Exercise prompt = Give again, exactly as written, each line of the material below starting at the line that contains "JH girls wearing M&M Tshirt" and ending at the line that contains "Rollo Bay Greens, Rollo". Both ends count, and no other line does.

Excerpted records =
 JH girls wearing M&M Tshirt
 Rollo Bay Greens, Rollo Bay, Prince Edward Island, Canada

* * *

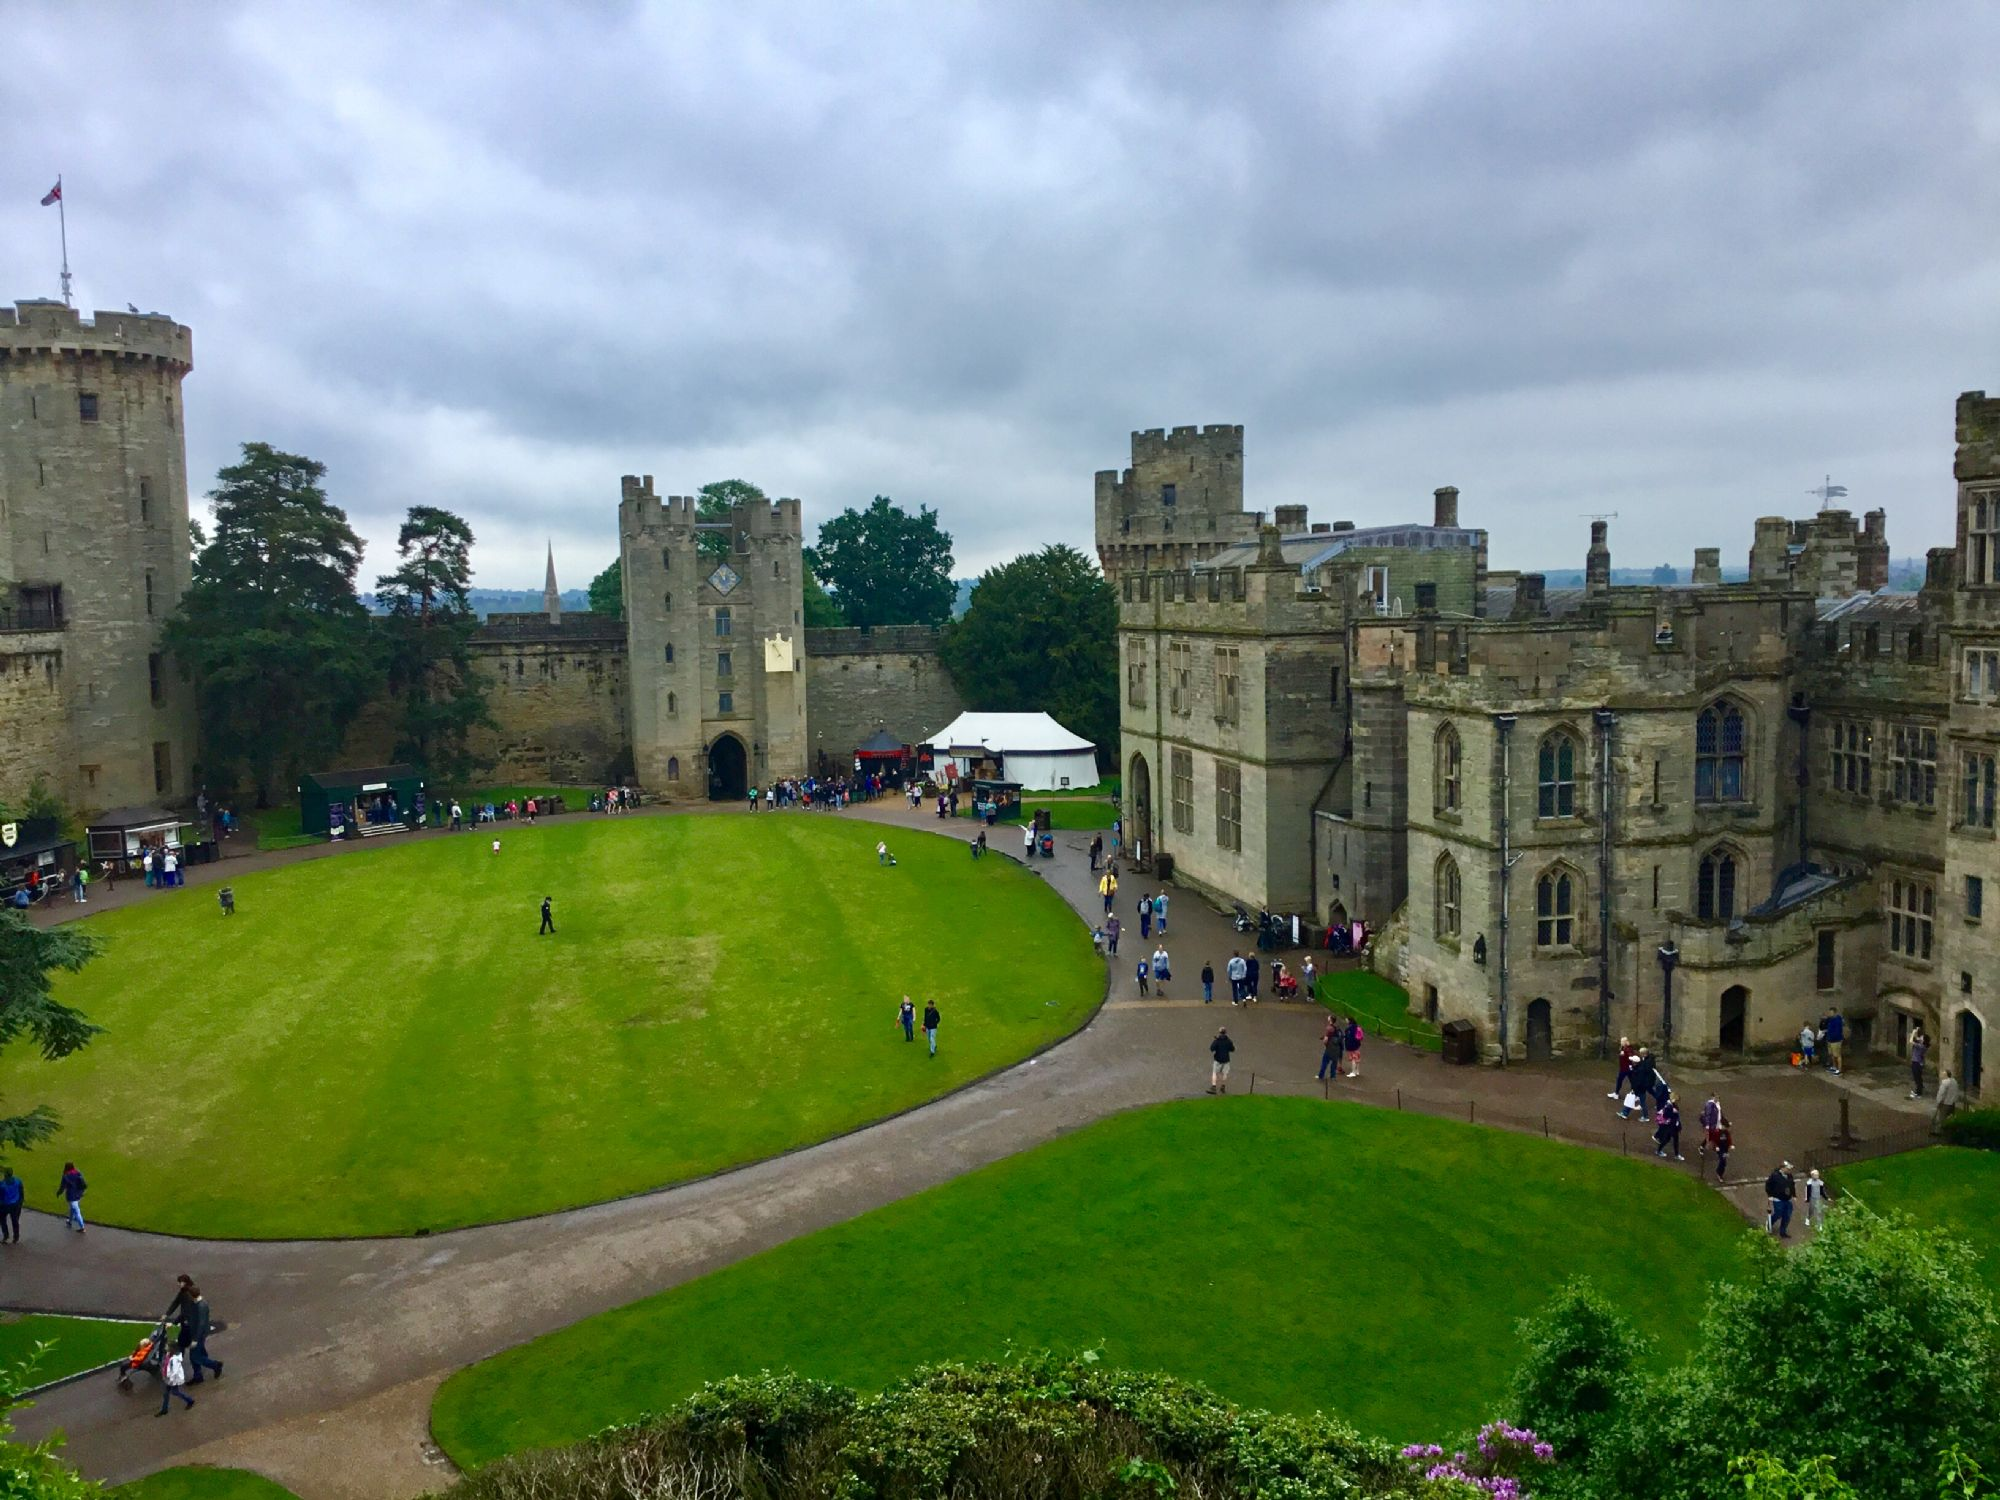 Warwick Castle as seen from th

Result of this exercise =
 JH girls wearing M&M Tshirt
 Rollo Bay Greens, Rollo Bay, Prince Edward Island, Canada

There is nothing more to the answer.